Hundreds of former prohibition offenders who are part of a rehabilitation package have evinced keen interest in farming. Residing in locations spread across Tiruvannamalai district, they were once actively engaged in brewing or selling of illicit arrack. In a bid to reform and integrate them with society, the Prohibition Enforcement Wing is in the process of rehabilitation them.

While working with them, the enforcement wing came to know about their interest in group farming. Now, the wing has written to the government suggesting that societies be formed to enable these reformed offenders engage themselves in sustainable income-generating activities.

According to Additional Director-General of Police (Enforcement) C.K. Gandhirajan, about 200 people who were given Rs. 30,000 each for purchasing milch animals or setting up grocery shops as part of the rehabilitation package last year met him in Tiruvannamalai on Saturday.

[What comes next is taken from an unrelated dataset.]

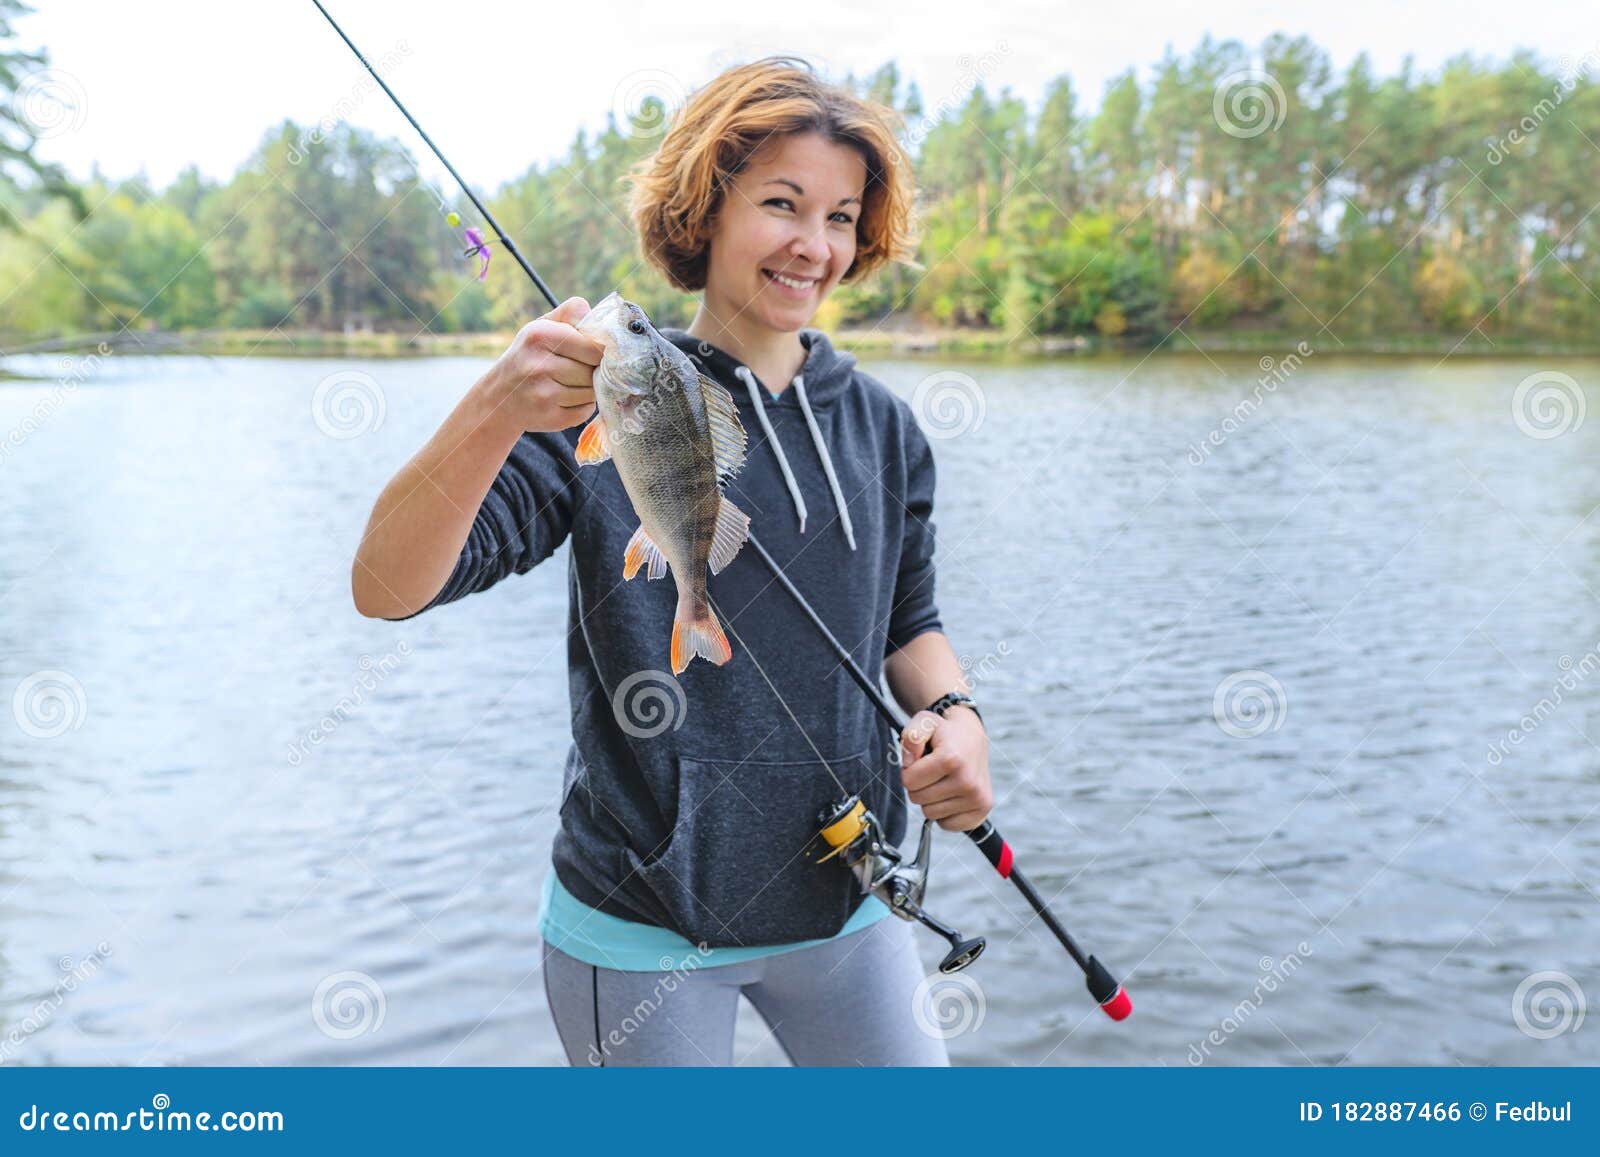 Success Perch Fishing. Lady Fisherwoman with Fish at Lake Stock

At least 650 persons, including many women, in the district were part of the package.

“They evinced interest in maize cultivation, mushroom nursery, honey collection etc. Such group activity can be promoted by way of forming societies. We have written to the government in this regard. The objective is to ensure that they make some decent money and contribute to the family,” he said.

Mr. Gandhirajan said that 42,684 cases of prohibition offences were registered across the State since January 2013 and 39,393 accused, including 3,763 women, were arrested.

“Due to the sustained efforts of the police and law-enforcement agencies, brewing of illicit arrack has been eradicated in the State. We are now focusing on the sale of liquor smuggled from other States. Police are also after those who are selling liquor purchased from TASMAC outlets at a higher price after closing hours,” he said.

The drive against illegal sales had enhanced revenue in State-owned liquor shops. Enforcement officials were intensifying the campaign to create awareness of the evils of liquor.